さおだけ屋はなぜ潰れないのか?身近な疑問からはじめる会計学 | 書評 読んでみんさい、この本!

さおだけ屋はなぜ潰れないのか?身近な疑問からはじめる会計学

 実は最近簿記の勉強をしており、「簿記はアートだ」と思わず叫んでしまったことがあります。この本を読むと、かのゲーテが「最高の芸術」と呼んだとか。俺は天才か!?


 金融に長くいた割には、会計の有用性に対する認識が低いのではないかという疑問が勉強すればするほど強くなる。。。もっと早く勉強しておけば良かった(残念!!!)。

 

 「おやっ」と思わせるタイトルについ釣られて買ってしまいましたが、お買い得でした。


 いくつか学ぶ点がありました。


 ひとつは、むずしかいことを易しいことばで伝えることの重要性。会計の本はとかく難しいように思える(実際そうですよね!)のが一般通念だと思いますが、この本は、筆者がかなりこの点に留意しています。(最近のインタビューでアップルのスティーブ・ジョブズが「アップルは最先端の技術を、もっとも使い易いかたちで製品にすることに長けている会社」といっていましたが、人を説得するにはこれが必要なんですね。

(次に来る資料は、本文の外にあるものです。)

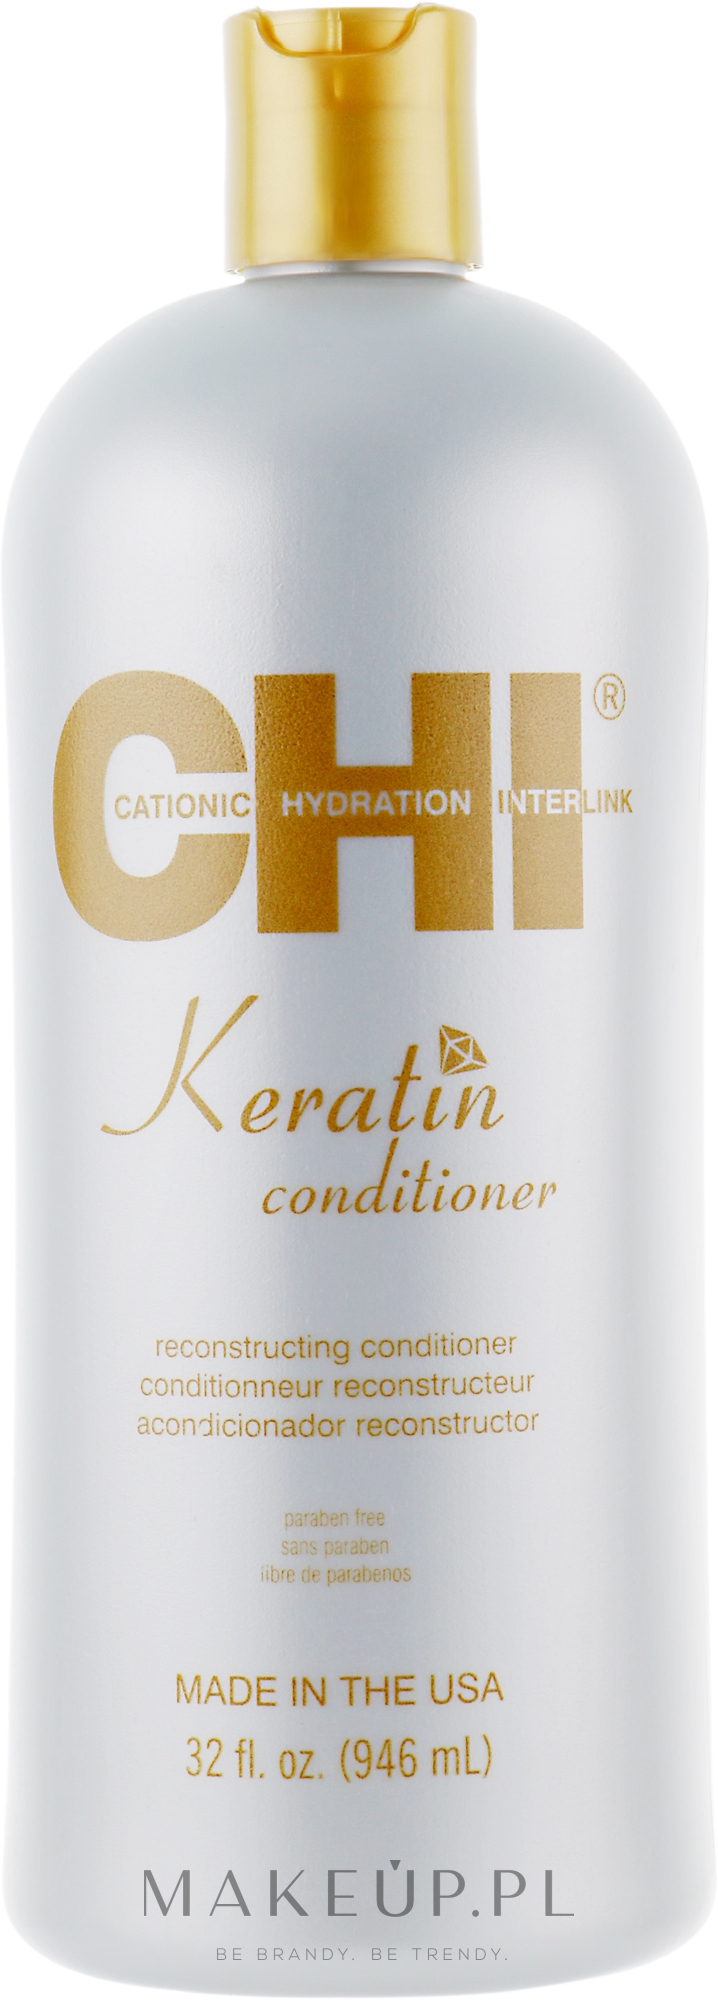 Odżywka z jedwabiem, olejem arganowym, jojoba i keratyną odbudowująca włosy - CHI Keratin Conditioner — Zdjęcie 946 ml

 著者の山田真哉氏は最近「世界一受けたい授業」に出演した「女子大生会計士の事件簿」というベストセラーシリーズの著者だとか。若いのにすごいです。


 例えば、先日紹介した京セラの稲盛さんの本にあった「一升買い」がトヨタの看板方式に通じているということが理解できました。私もよくICレコーダー用の電池を安いからといって大量に買うのですが、交換するときになってどこにおいていたのか分からなくなり、結局在庫として家やオフィスのいろんなところに埋もれてしまうという経験があります。必要な時に必要な分だけというのが、会計を理解した人の知恵のようです。


 あるいは、連結決算の話はベッドタウンの高級フランス料理店を例えに引いて、なるほどと分からせてくれる。会計とおおげさに構えなくても、読み物としてなかなか面白い本です。皆さんもいかが?